**Task goal:**
Produce as output only the lines below starting at the line with "Joan Baez (geboren" and continuing through the line with "Fluwelen fauteuil Tress", each one exactly as written.

Records from a dataset
---+---

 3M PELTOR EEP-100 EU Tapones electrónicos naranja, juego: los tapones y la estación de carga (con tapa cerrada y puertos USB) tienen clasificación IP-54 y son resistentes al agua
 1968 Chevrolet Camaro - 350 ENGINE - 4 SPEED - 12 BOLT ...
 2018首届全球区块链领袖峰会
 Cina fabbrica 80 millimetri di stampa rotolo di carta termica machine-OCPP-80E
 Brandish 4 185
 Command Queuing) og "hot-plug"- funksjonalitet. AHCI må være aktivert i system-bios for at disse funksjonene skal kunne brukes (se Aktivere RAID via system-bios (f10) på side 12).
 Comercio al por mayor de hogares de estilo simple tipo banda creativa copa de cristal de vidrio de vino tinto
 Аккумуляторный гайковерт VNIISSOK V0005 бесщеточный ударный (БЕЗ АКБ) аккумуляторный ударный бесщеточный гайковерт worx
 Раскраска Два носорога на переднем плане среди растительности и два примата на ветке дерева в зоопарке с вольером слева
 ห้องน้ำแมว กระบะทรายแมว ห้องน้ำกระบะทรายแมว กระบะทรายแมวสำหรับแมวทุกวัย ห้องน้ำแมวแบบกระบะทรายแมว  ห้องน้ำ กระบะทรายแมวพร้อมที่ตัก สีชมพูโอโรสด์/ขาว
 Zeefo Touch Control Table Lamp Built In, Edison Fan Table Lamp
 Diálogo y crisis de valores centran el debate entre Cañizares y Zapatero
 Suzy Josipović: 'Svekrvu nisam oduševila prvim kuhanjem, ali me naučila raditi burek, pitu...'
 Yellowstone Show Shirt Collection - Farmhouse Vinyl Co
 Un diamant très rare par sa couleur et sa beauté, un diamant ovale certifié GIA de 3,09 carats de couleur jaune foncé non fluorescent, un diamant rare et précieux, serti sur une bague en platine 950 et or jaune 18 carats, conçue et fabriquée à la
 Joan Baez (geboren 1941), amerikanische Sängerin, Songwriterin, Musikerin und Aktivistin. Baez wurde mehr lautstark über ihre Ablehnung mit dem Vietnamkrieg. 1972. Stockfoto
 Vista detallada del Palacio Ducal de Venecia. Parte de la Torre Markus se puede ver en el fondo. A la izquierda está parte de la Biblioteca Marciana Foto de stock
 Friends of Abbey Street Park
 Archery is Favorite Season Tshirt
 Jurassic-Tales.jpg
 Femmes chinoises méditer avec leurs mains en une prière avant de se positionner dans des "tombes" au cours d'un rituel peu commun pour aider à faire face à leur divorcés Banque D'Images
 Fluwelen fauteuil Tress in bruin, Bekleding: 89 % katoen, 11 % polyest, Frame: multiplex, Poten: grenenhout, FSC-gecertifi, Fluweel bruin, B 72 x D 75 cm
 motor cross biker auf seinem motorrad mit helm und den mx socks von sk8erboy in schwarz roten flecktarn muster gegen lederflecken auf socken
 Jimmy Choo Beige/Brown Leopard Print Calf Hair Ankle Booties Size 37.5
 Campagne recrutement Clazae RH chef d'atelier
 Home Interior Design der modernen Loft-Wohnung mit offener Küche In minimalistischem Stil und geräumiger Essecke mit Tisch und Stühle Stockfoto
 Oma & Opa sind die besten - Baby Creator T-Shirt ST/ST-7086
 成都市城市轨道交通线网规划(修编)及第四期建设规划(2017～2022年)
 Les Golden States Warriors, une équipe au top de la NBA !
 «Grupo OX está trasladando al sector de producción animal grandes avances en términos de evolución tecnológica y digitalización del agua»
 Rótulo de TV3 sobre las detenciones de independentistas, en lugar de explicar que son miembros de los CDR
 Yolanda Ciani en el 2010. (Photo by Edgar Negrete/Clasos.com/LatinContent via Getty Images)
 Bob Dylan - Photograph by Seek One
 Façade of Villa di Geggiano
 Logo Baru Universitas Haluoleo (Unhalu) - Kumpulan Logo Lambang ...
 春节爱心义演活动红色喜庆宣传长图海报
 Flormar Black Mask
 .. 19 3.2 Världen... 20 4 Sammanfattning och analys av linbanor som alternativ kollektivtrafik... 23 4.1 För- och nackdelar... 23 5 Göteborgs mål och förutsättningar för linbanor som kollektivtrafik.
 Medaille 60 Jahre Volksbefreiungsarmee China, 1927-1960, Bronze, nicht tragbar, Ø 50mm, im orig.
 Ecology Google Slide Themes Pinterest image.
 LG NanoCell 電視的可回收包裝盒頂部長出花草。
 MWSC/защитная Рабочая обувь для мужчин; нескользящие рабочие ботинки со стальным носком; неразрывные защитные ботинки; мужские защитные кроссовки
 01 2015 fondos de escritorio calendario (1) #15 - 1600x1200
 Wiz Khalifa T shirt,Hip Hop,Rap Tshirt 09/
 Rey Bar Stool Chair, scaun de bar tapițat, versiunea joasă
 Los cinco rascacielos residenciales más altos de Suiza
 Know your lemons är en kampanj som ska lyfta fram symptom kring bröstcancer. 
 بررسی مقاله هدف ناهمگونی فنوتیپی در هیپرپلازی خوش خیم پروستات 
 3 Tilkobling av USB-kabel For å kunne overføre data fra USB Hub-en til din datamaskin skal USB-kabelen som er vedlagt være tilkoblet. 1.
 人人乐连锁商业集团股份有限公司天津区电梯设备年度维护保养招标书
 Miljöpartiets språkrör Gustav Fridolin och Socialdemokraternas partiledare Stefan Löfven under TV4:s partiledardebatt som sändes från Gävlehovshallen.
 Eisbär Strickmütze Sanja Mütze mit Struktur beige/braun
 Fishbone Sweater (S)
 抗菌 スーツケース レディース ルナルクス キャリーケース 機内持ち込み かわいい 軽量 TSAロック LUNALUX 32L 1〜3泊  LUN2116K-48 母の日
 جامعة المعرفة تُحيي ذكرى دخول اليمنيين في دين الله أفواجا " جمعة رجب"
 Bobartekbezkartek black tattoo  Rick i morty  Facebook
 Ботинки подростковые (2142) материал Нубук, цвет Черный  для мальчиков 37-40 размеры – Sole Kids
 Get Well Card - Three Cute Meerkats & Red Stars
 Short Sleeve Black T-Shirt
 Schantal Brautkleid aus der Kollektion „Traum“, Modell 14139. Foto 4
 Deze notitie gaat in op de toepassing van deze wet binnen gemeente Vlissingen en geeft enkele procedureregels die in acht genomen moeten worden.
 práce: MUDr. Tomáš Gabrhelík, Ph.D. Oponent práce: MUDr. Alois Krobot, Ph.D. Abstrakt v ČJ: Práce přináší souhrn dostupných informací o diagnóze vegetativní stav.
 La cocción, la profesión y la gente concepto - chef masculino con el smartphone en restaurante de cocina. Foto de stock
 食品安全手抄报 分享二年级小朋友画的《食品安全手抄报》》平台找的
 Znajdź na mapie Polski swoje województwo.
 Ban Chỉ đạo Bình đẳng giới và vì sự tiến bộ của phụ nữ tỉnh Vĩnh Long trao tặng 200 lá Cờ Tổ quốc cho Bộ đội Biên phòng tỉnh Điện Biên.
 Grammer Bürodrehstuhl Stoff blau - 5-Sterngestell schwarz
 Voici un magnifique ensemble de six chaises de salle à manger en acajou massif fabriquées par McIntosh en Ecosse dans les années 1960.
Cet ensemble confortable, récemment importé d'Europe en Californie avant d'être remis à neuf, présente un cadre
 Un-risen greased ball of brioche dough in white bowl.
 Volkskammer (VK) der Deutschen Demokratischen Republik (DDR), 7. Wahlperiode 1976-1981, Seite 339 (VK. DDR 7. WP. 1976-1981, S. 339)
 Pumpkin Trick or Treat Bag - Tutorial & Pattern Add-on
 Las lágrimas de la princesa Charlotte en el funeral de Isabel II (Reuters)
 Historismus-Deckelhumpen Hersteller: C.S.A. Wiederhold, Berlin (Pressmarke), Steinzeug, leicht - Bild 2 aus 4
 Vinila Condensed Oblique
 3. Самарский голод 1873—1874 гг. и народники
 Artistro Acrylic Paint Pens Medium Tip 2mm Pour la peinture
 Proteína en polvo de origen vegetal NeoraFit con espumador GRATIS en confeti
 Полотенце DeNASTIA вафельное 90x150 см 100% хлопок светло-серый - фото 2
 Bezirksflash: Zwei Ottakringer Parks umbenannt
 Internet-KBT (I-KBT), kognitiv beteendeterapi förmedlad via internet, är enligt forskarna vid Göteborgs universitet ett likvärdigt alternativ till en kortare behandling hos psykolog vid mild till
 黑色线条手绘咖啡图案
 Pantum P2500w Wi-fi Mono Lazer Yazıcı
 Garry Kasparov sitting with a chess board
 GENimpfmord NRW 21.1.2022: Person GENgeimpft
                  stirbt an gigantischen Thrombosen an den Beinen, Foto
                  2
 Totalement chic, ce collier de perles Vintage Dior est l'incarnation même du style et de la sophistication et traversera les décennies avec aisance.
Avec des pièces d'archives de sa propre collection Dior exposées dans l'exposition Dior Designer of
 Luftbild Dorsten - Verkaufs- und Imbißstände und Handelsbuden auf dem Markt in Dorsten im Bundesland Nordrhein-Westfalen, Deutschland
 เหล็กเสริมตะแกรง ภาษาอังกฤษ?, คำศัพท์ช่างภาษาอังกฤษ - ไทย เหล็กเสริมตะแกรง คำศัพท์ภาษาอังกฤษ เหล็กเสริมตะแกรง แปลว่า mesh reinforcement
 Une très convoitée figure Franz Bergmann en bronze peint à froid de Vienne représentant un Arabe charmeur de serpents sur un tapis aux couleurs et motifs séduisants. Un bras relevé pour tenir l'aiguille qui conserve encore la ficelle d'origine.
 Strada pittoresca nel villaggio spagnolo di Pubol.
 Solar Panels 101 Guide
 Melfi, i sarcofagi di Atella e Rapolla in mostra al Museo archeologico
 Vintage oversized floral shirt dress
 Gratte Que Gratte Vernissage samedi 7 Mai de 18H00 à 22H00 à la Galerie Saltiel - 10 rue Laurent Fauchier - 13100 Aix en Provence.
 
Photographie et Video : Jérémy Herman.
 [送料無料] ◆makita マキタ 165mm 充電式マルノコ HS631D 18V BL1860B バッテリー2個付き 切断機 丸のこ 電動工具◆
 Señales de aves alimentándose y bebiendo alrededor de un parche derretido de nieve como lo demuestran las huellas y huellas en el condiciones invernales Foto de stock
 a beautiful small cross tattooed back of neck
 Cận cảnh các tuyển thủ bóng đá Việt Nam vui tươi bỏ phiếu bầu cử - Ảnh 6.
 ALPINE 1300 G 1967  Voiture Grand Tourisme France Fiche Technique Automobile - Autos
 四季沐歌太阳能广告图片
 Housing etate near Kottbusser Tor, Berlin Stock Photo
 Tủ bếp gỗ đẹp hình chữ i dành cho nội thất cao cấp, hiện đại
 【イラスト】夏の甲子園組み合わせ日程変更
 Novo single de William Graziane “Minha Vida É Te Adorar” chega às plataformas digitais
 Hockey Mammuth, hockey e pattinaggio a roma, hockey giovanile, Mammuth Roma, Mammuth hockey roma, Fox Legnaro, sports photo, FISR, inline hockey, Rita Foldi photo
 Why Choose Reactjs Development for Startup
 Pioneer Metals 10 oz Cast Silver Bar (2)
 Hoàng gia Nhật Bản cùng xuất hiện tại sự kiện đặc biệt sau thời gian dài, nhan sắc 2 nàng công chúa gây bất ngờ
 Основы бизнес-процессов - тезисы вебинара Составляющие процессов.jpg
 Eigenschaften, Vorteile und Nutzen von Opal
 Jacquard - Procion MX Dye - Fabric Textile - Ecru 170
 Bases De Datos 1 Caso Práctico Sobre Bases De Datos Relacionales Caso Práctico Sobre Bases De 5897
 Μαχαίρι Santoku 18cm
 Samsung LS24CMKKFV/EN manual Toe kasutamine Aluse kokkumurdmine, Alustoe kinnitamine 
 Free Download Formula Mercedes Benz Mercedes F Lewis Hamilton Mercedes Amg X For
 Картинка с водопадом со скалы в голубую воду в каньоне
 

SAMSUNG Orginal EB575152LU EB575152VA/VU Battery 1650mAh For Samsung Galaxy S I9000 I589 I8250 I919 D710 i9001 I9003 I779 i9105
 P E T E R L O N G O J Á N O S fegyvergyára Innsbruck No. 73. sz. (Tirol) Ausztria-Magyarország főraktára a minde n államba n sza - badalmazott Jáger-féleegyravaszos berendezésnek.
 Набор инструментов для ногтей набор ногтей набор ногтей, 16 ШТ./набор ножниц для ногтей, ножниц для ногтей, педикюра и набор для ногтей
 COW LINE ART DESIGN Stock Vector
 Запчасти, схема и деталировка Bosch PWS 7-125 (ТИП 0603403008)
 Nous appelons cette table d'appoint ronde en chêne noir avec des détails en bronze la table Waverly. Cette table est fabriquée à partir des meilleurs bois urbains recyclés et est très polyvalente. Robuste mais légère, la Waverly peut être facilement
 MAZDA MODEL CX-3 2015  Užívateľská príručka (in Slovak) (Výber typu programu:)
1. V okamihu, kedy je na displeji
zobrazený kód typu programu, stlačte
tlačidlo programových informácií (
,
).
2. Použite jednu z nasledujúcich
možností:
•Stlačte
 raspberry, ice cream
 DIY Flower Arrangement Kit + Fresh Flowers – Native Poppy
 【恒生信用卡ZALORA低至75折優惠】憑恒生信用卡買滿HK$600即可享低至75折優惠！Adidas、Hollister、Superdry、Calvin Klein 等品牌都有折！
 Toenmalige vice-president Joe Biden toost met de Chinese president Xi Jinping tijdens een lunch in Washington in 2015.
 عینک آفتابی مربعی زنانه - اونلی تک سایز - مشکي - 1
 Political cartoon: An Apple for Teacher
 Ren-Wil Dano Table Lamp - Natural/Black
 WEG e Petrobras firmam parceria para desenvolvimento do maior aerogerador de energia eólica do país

---+---

**Task solution:**
 Joan Baez (geboren 1941), amerikanische Sängerin, Songwriterin, Musikerin und Aktivistin. Baez wurde mehr lautstark über ihre Ablehnung mit dem Vietnamkrieg. 1972. Stockfoto
 Vista detallada del Palacio Ducal de Venecia. Parte de la Torre Markus se puede ver en el fondo. A la izquierda está parte de la Biblioteca Marciana Foto de stock
 Friends of Abbey Street Park
 Archery is Favorite Season Tshirt
 Jurassic-Tales.jpg
 Femmes chinoises méditer avec leurs mains en une prière avant de se positionner dans des "tombes" au cours d'un rituel peu commun pour aider à faire face à leur divorcés Banque D'Images
 Fluwelen fauteuil Tress in bruin, Bekleding: 89 % katoen, 11 % polyest, Frame: multiplex, Poten: grenenhout, FSC-gecertifi, Fluweel bruin, B 72 x D 75 cm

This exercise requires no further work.